強制字幕とは映像の画面上に表示される文字列で、通常の字幕と違って非表示にはできません。目的は、それ以外の方法や映像、音声では伝えられない情報を視聴者や観客に提供し、ストーリーや話の流れを理解してもらうことです。
ストーリーの理解を助ける強制字幕
強制字幕がどのような場合に使われるのか、例を挙げて見ていきましょう。
1. メインの言語以外の言語での発話
例えば主に日本語の話者に向けられた日本語のストーリーの中で外国語を話す人物が登場する場合(例えば2023年、こんなドラマが話題になりました)、「外国語による発話」ということ自体が意味を帯びます。ですから、その発話を吹き替えるのではなく、字幕として表示することで、発話内容の意味と、それが別の言葉で発せられたということを同時に示すことができるのです。架空の言語による発話に当てられる字幕も同様の意味合いを持ちます。
2. 外国語などの文字情報
画面上に表示される外国語の文字列、標識、ラベル、さらに登場人物にしか分からない記号やサインなどが重要な意味を持つ場合も、字幕で意味を表示することが物語理解の鍵となるでしょう。
3. 手話
手話によるコミュニケーションが描かれている映像の場合、字幕がなければ手話を理解しない視聴者・観客は、話に取り残されてしまいます。手話と音声言語を共に強制字幕として表示すれば、聴覚に障害のある人とない人の双方に向けられた、よりインクルーシブな作品にできるかもしれません。
4. メインの言語での発話内容の明確化
例えばドキュメンタリー作品などで、録音された言葉が雑音にかき消されたり、一部不明瞭であったりする場合、そのままでは事実やメッセージを伝えることが難しくなるでしょう。そのような場合にも、作り手が、発話内容を文字情報として示すケースがあります。
5. 科学や歴史、文化などの背景情報
視聴者・観客にとってなじみのない背景知識が、ストーリーの流れや作品の意図を理解する上で欠かせない場合、発話された内容とは別の情報が画面上に表示される場合もあるでしょう。例えば、業界用語の解説、単位の換算、歴史や地理的な背景、科学的なバックグラウンドなどです。
質の高い強制字幕
強制字幕は、視聴者・観客の理解を助け、より良い視聴体験をもたらすものです。適切な字幕の挿入により、効果的なメッセージの発信が可能になるのです。

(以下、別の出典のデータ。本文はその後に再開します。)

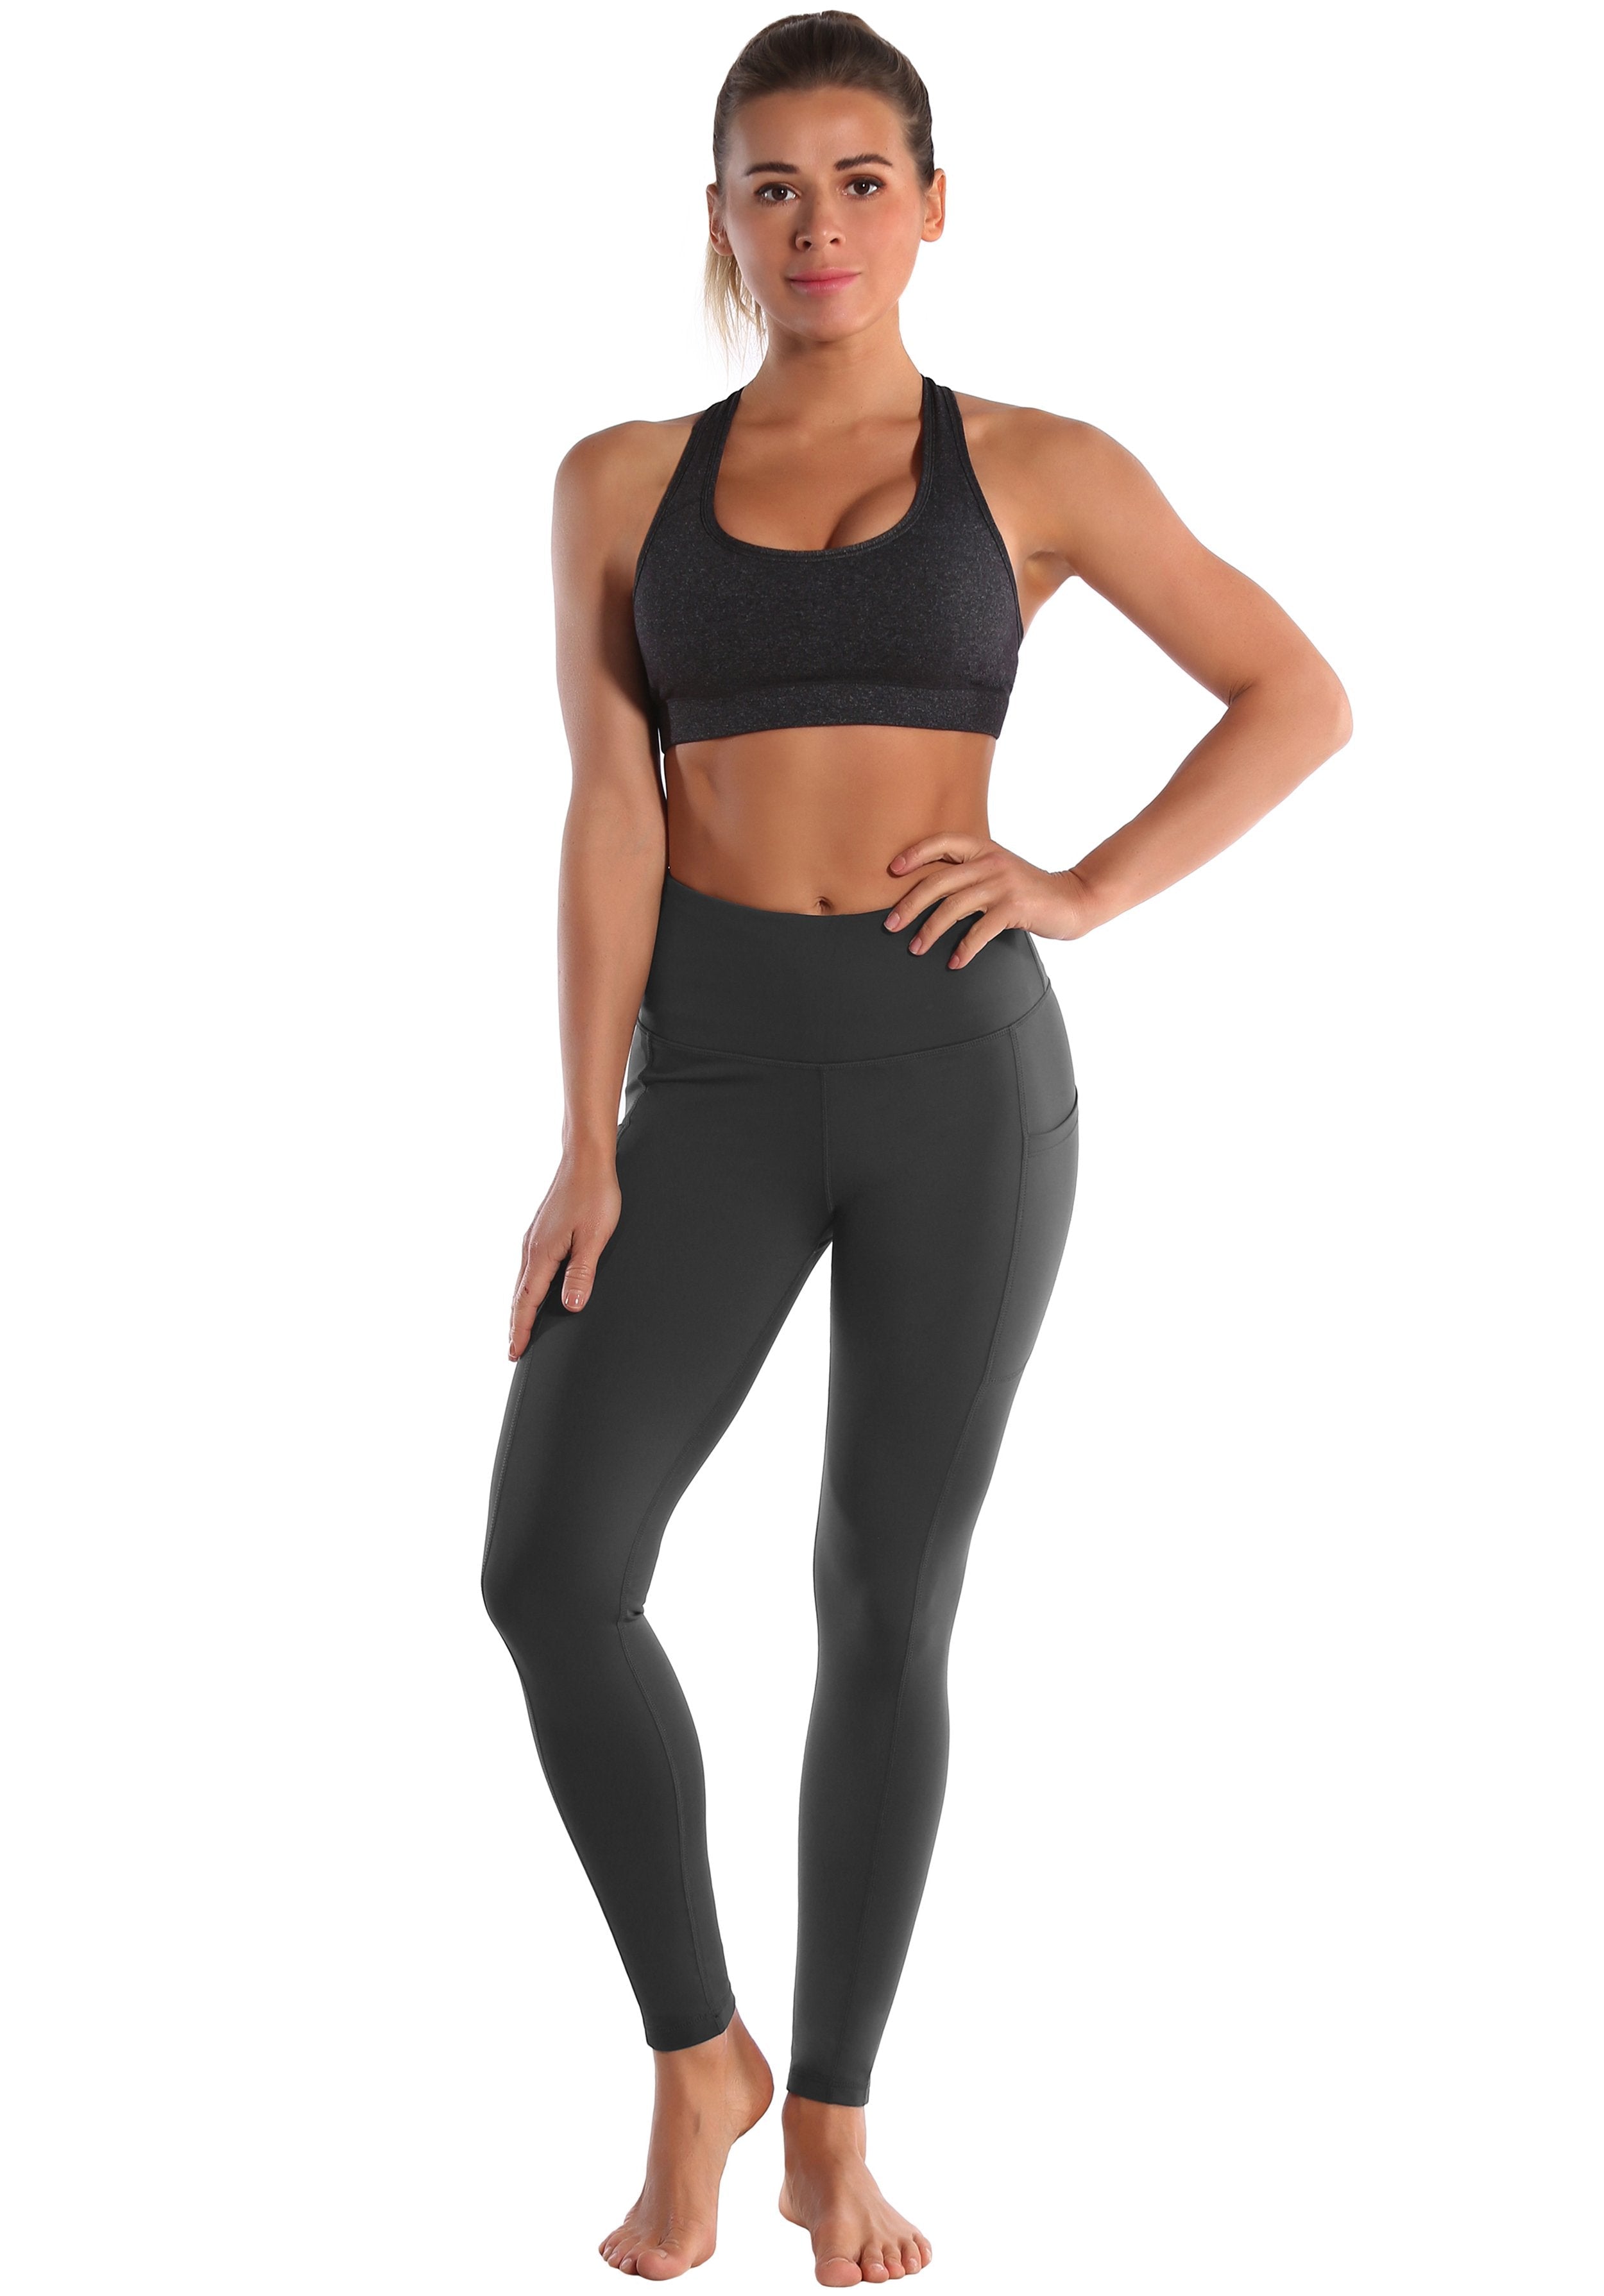 Hip Line Side Pockets Plus Size Pants shadowcharcoal Sexy Hip Line Side Pockets 75%Nylon/25%Spandex Fabric doesn't attract lint easily 4-way stretch No see-through Moisture-wicking Tummy control Inner pocket Two lengths

ボックスタブでは、テープ起こしをした内容を別の言語に訳して字幕にする一般的な「外国語字幕」や、クローズドキャプションに加え、そして、動画・映像のメッセージを的確に伝えるための強制字幕の制作も行っています。多くの人々に動画を届けたい、そんな作り手の思いに寄り添って細やかなサービスを提供しています。
まとめ
強制字幕(FN字幕)は視聴者・観客グループによって表示・非表示されるか非表示になるかが分かれるものではなく、常に表示されるものです。強制字幕が用いられるのは、物語の中で第2、第3の言語が発話される場面や、外国語の文字情報、手話などが登場する場面など多くのシチュエーションが考えられます。いずれの場合も、観客や視聴者に対し、意図したストーリーやメッセージを正確に伝えることがその目的です。